Готовясь к исчезновению на год, я старалась уладить все свои дела. К тому времени я прочитала на Амазоне руководства по выживанию в тюрьме, написанные исключительно мужчинами; навестила бабушку и дедушку, прогоняя тревожные мысли о том, что, может быть, больше никогда не увижу их. За неделю до назначенной даты мы с Лэрри собрались небольшой компанией с хорошими местными друзьями на импровизированные проводы в баре «У Джо» в Ист-Виллидж. Время пролетело здорово – играли в алко-бильярд, рассказывали байки, пили текилу. Ночь продолжалась, я не собиралась закругляться, не собиралась ограничивать себя в выпивке, не собиралась быть занудой. Медленно наступило утро и, наконец, люди засобирались домой. Когда я обнимала их крепко и долго, как способна только девушка напившаяся текилы, в голове проскочила мысль, что это самое что ни на есть настоящее прощание. Было неясно, увижу ли я своих друзей вновь и как изменюсь к моменту нашей новой встречи. Слёзы потекли рекой.

Обычно я не давала волю эмоциям ни перед кем, кроме Лэрри.
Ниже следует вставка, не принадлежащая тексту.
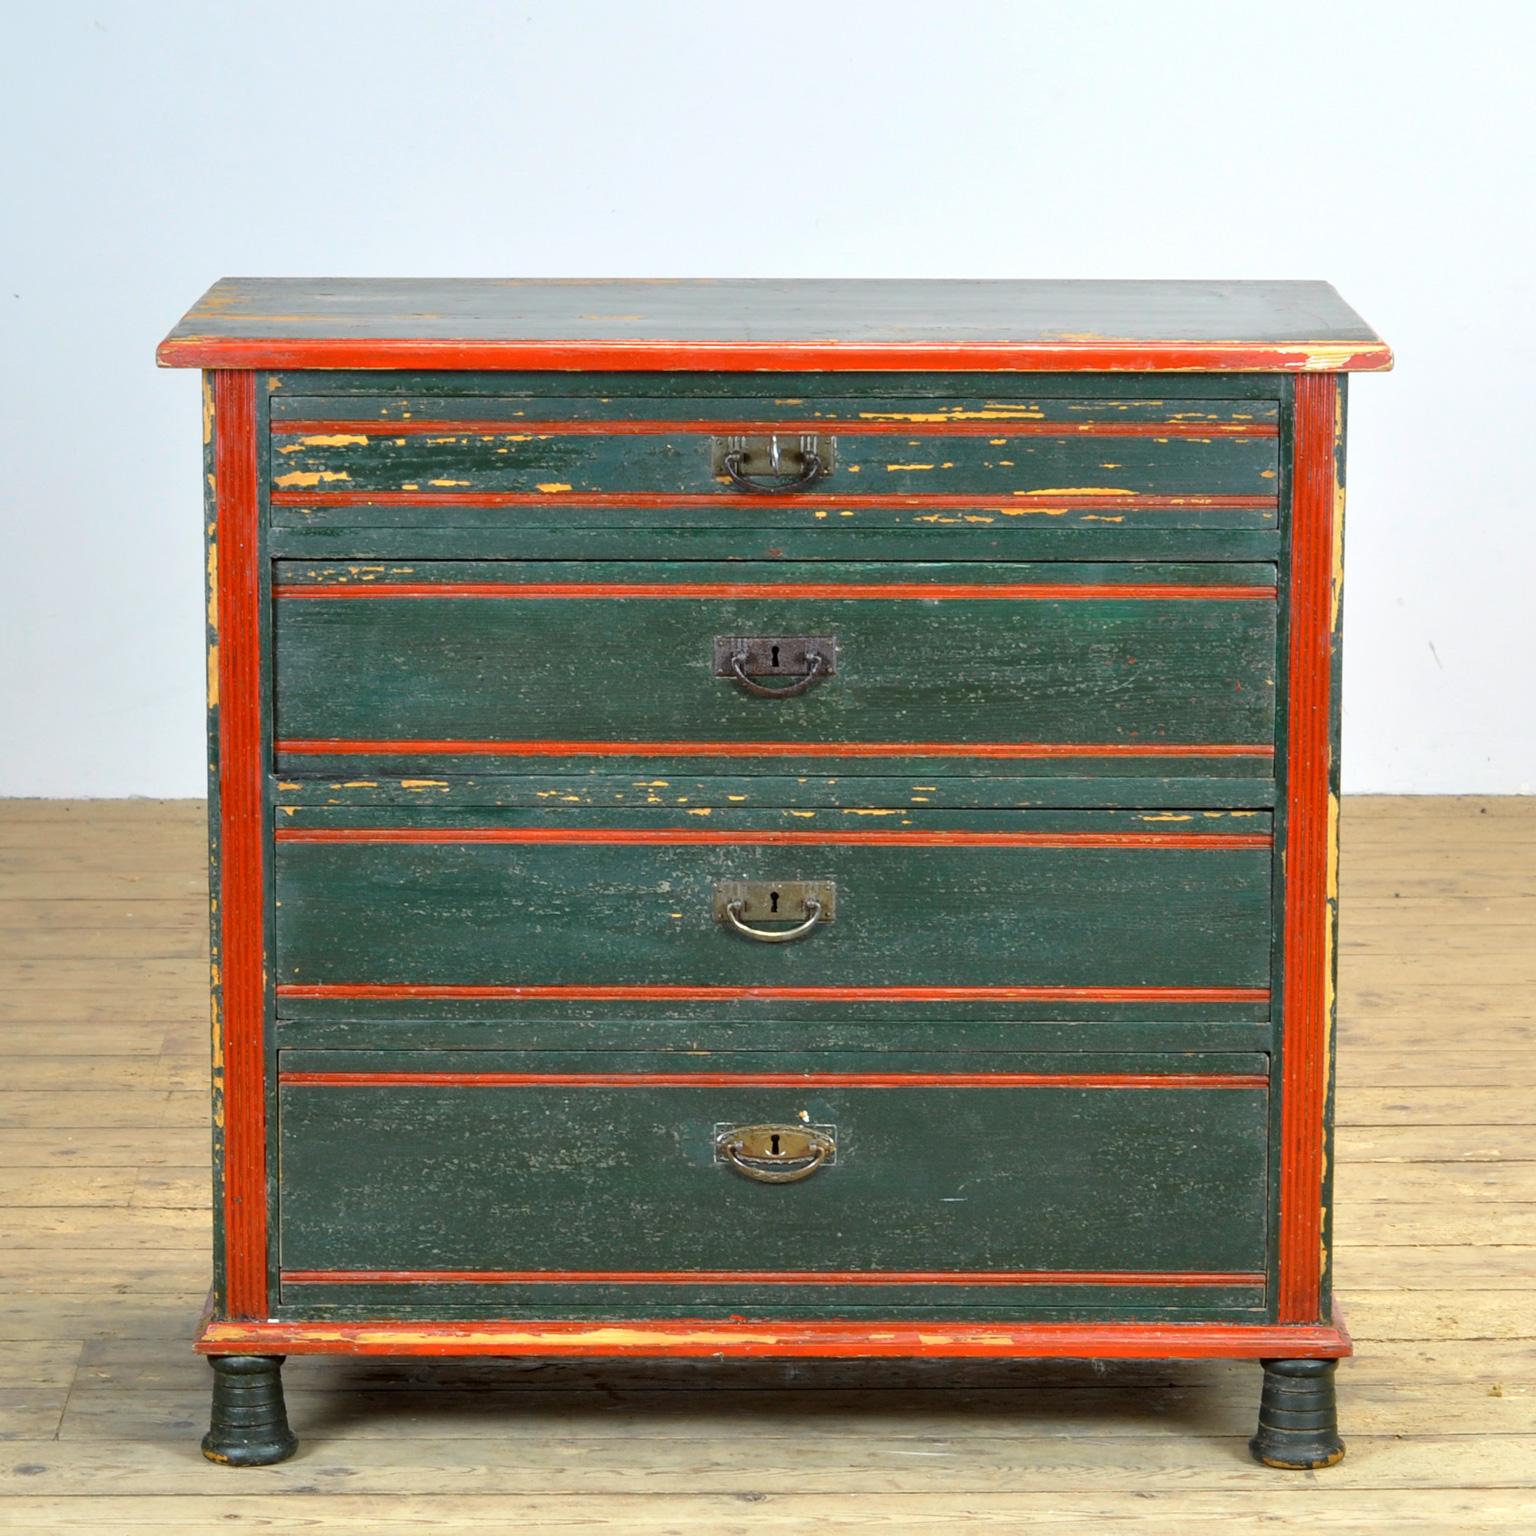 Chest of drawers made of pine, made in Austria circa 1920. The cabinet is painted in a beautiful green with accents of red.
The cabinet has 4 drawers with different heights. The drawers are made with dovetail joints. All fittings and knobs are

Но в тот момент я плакала вместе с друзьями. Мы сидели как ненормальные – десять посетителей бара дружно хнычущих в три часа ночи. Остановится было невозможно: я рыдала целую вечность; прощалась с одним другом, успокаивалась на минуту, и начинала заново. Было настолько грустно, что я позабыла о всяком стеснении.

На следующий день я едва видела белый свет сквозь опухшие веки. Выглядела – ужасно, чувствовала себя – не лучше.

Пэт Коттер (мой адвокат) не раз провожал в тюрьму «белых воротничков», поэтому дал следующий совет: «Пайпер, я думаю, самое сложное, с чем тебе придётся столкнуться в заключении – так это говёные тюремные законы, установленные говёными людьми. Звони мне, если будут проблемы. И … не води там никакой дружбы!»






Дополнительные пояснения от переводчика:


Скайлэб* - первая и единственная национальная американская орбитальная станция, предназначенная для технологических, астрофизических, медико-биологических исследований, а также для наблюдения Земли.

Кастро* - квартал в районе Юрика-Вэлли в городе Сан-Франциско, штат Калифорния. Известен в качестве места компактного проживания представителей сексуальных меньшинств.

Josie’s Juice Joint and Cabaret* - гей клуб в Сан-Франциско.

«Война с наркотиками»* - широкомасштабной программы администрации Р. Рейгана. Основными пунктами программы были: борьба с международным наркобизнесом, борьба с торговлей наркотиками внутри страны, медицинские и образовательные меры, направленные на сокращение их употребления.

Маллет* - это унисекс-стрижка, при которой волосы спереди и по бокам короткие, а сзади – длинные.